Mayonnaise Verde

Ingredients:

1 tablespoon lemon or lime juice
1 large egg
3 tablespoons olive oil or salad oil
1 teaspoon Dijon mustard or regular mustard
1/4 teaspoon salt
1/8 teaspoon freshly ground black pepper
1 cup salad oil
1 cup Frieda’s Fresh Watercress leaves and stems, or parsley sprigs
2 tablespoons Frieda’s Fresh Basil leaves, coarsely chopped
2 tablespoons Frieda’s Fresh Dill, Tarragon, or Thyme, coarsely chopped
1 tablespoon chopped Frieda’s Fresh Chives

Steps

In blender container or food processor bowl with blade place the lemon or lime juice, egg, the 3 tablespoons oil, mustard, salt, and pepper. Cover and blend till smooth. With blender/processor running, pour remaining oil in a thin stream over mixture, till all is well blended (mixture will thicken as more oil is added).

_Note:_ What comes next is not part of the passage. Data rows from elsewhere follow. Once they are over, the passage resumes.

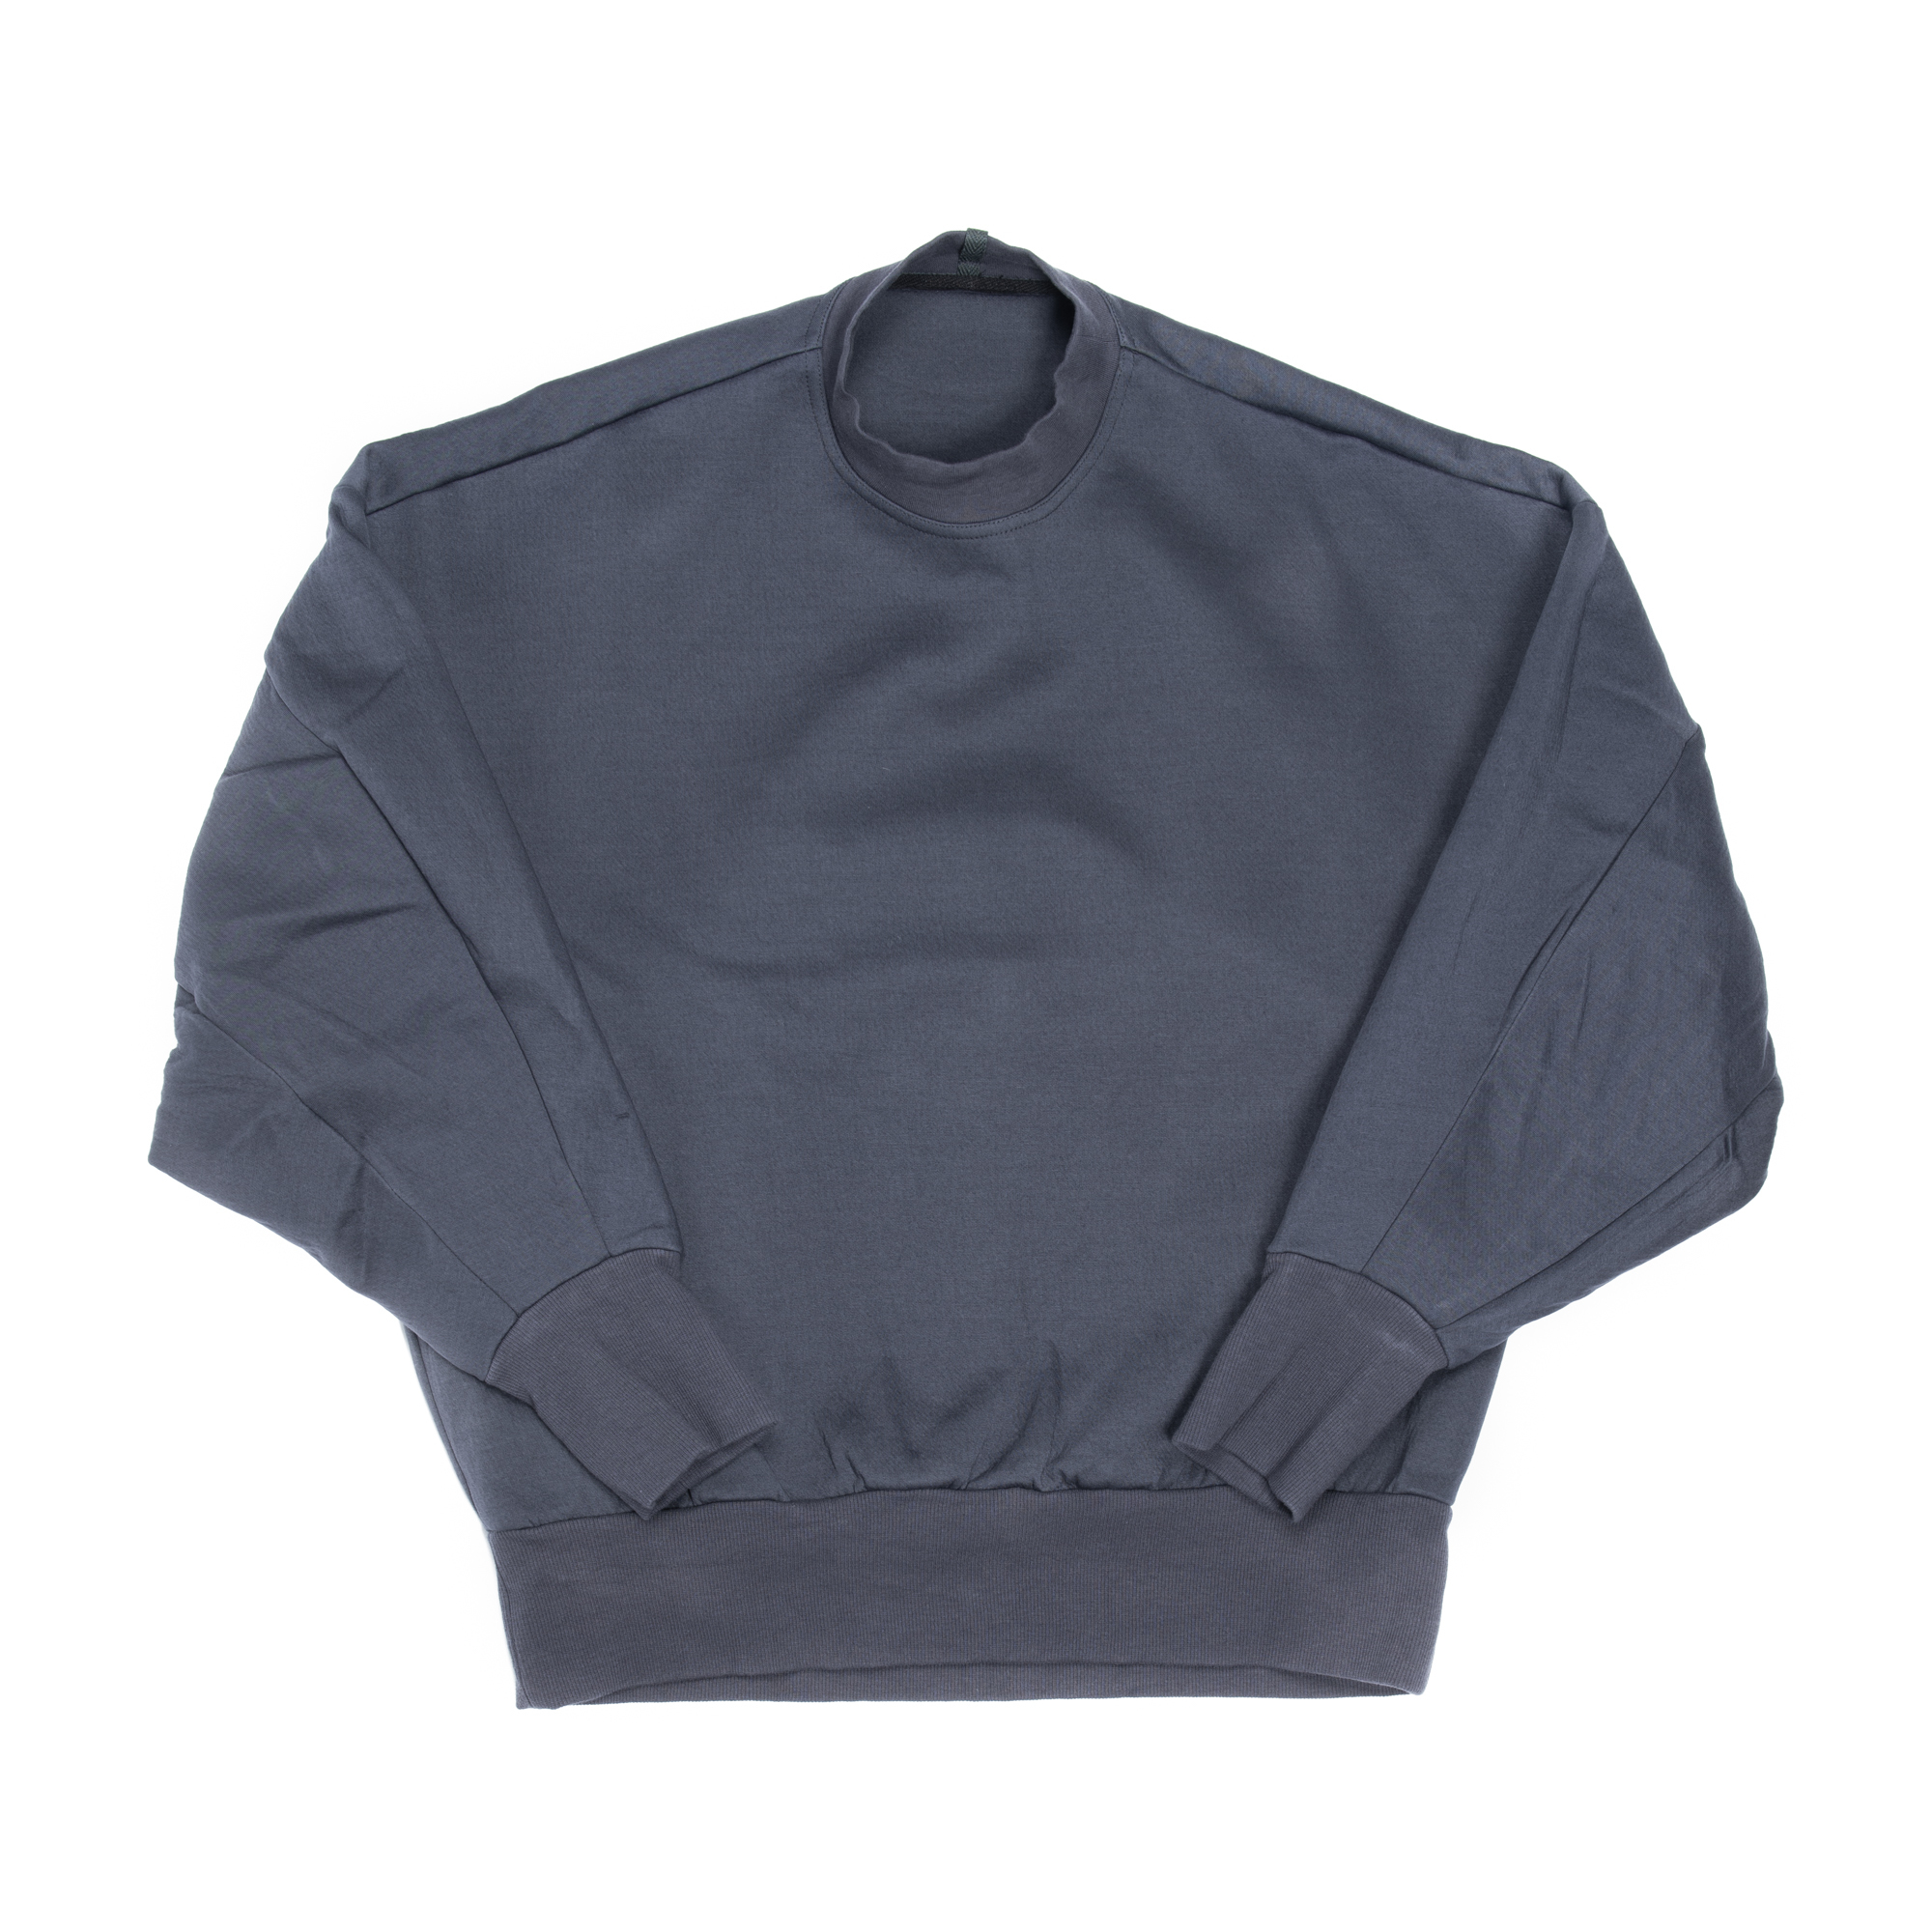 657CUM2-BLUE GRAY / バックストラップ スウェットシャツ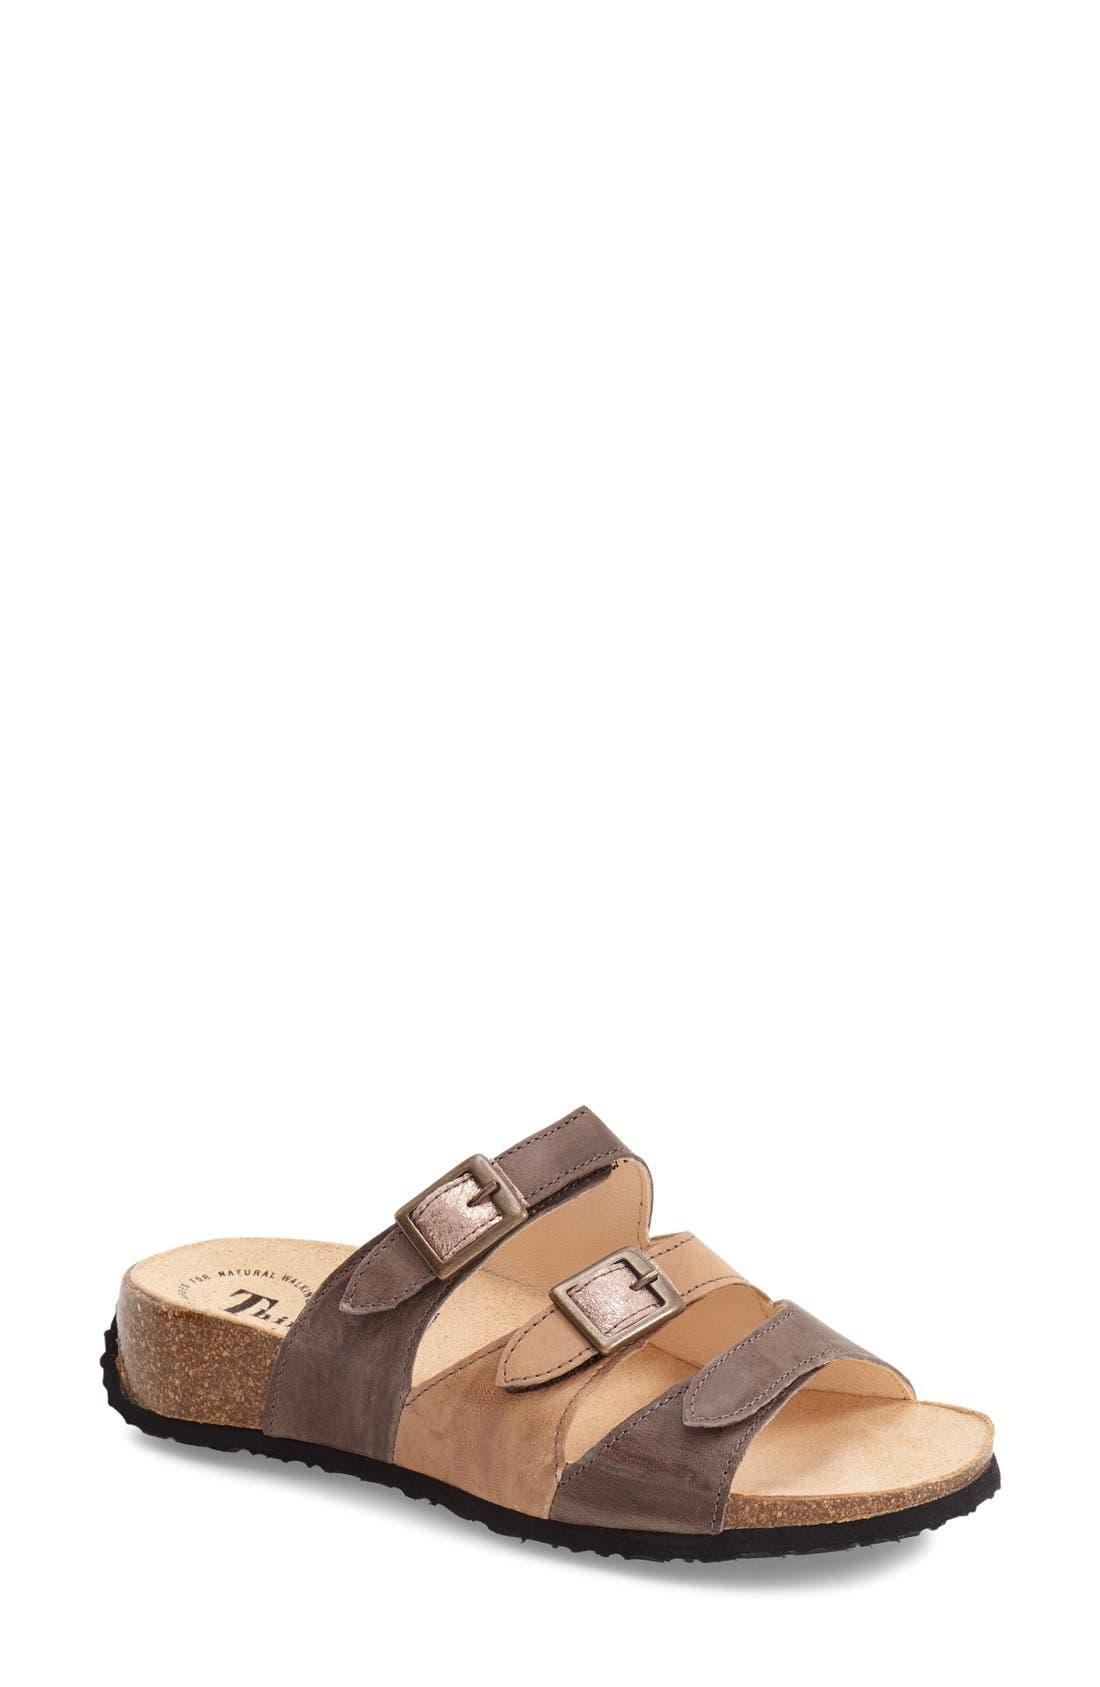 'Mizzi' Sandal,                             Main thumbnail 1, color,                             Cappucino Leather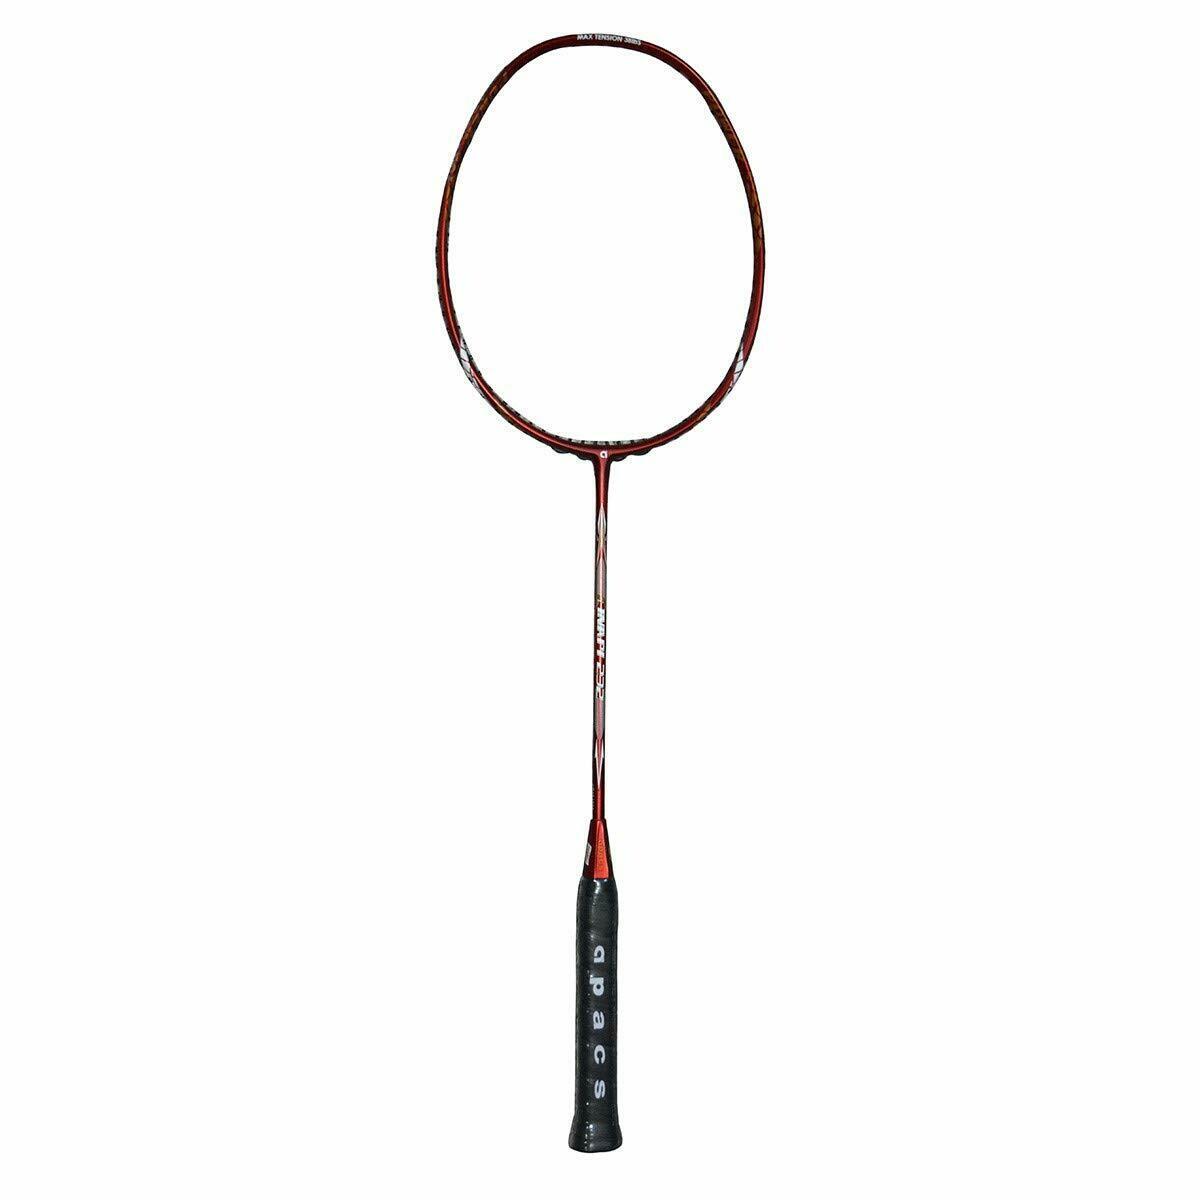 Apacs Finapi 232 Red Badminton Racket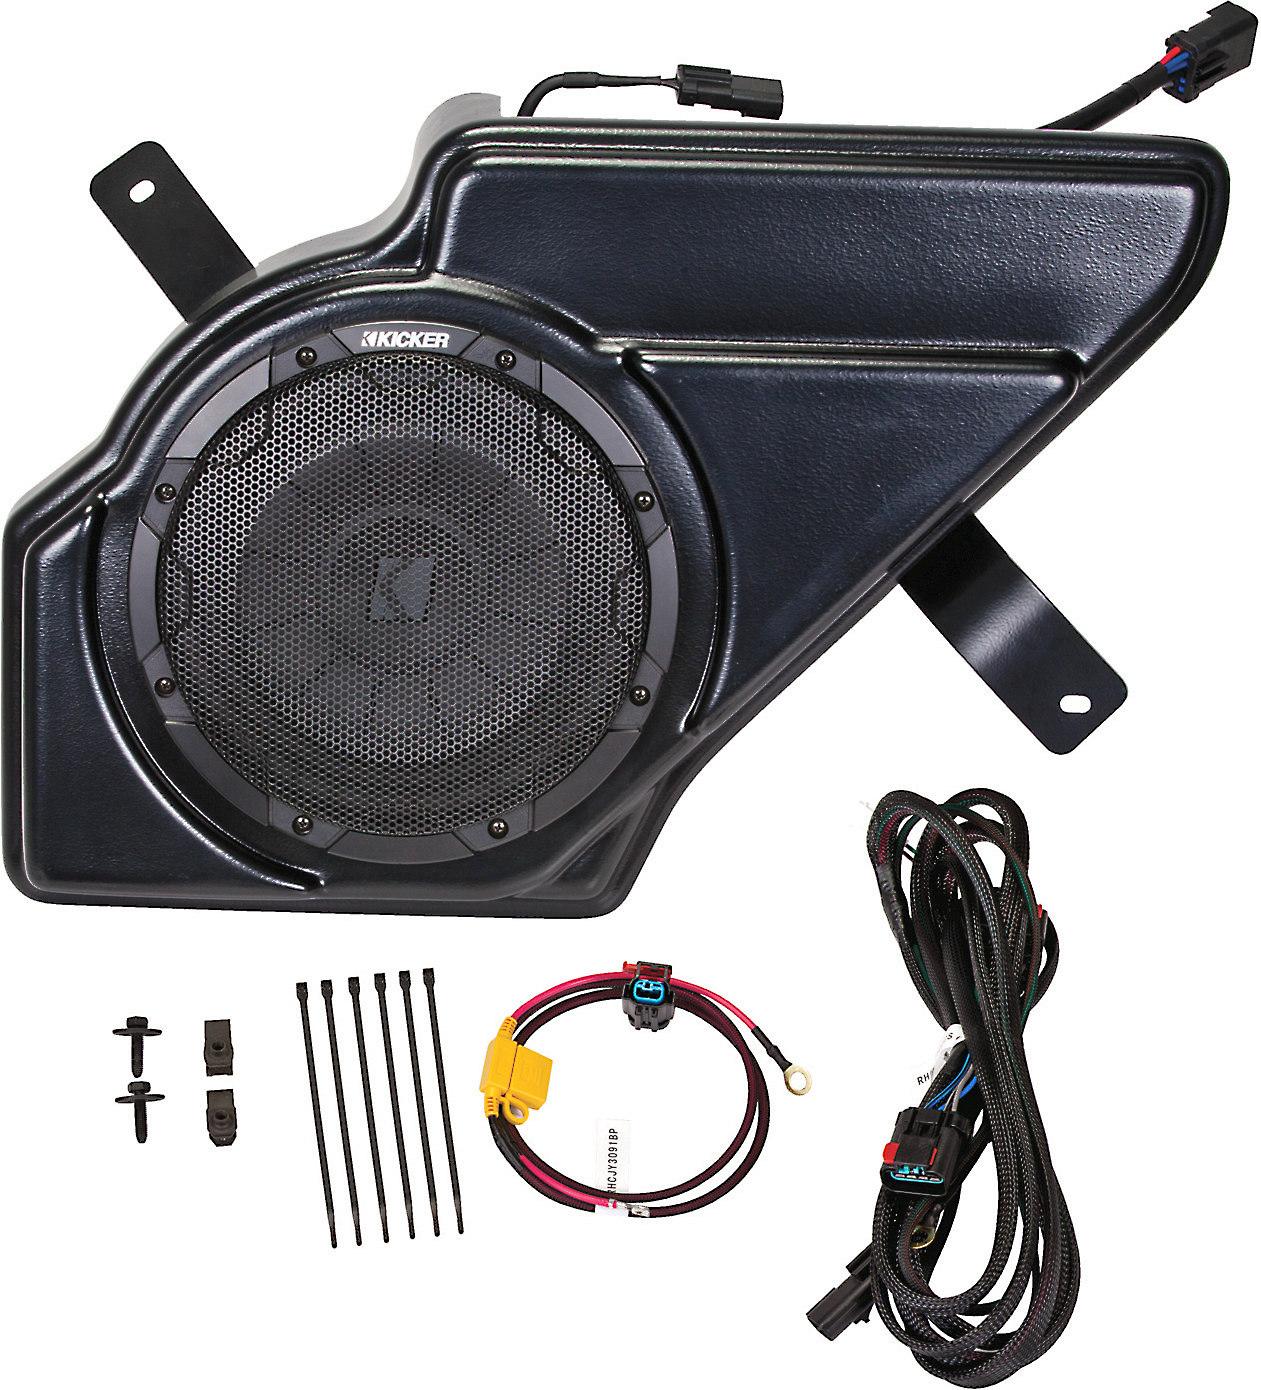 Kicker VSS™ PowerStage System

Stop machine.  Add remaining ingredients; process again till well blended. Taste for seasoning. Makes   about 1 2/3 cups mayonnaise. Use in egg or tuna salad, as a tasty dip for raw vegetables, over cold cooked poultry or fish for an elegant entree, in tossed salads, or as the tasty base for a chicken or BLT sandwich.

Tamarillo Ratatouille

Tamarillo Ratatouille

Ingredients:

11/2 cups chicken broth
1 small eggplant, peeled and diced (5- 6 cups)
4 Frieda’s Tamarillos, any variety, peeled and diced
1 1/2 cups sliced mushrooms
1 red, yellow or orange bell pepper, chopped
1 clove Frieda’s Elephant Garlic, minced, or 3 cloves regular garlic, minced
2 tablespoons Frieda’s Fresh Basil, chopped
1 tablespoon Frieda’s Fresh Oregano, chopped
Salt and pepper to taste
2 tablespoons grated Parmesan cheese

Steps:

Combine the broth, eggplant, tamarillos, mushrooms, bell pepper, garlic, basil and oregano in a large saucepan or Dutch oven. Bring the mixture to a boil.

Reduce the heat and simmer, partially covered, for 30 minutes or until vegetables are tender. Season to taste.

Serve topped with grated Parmesan cheese.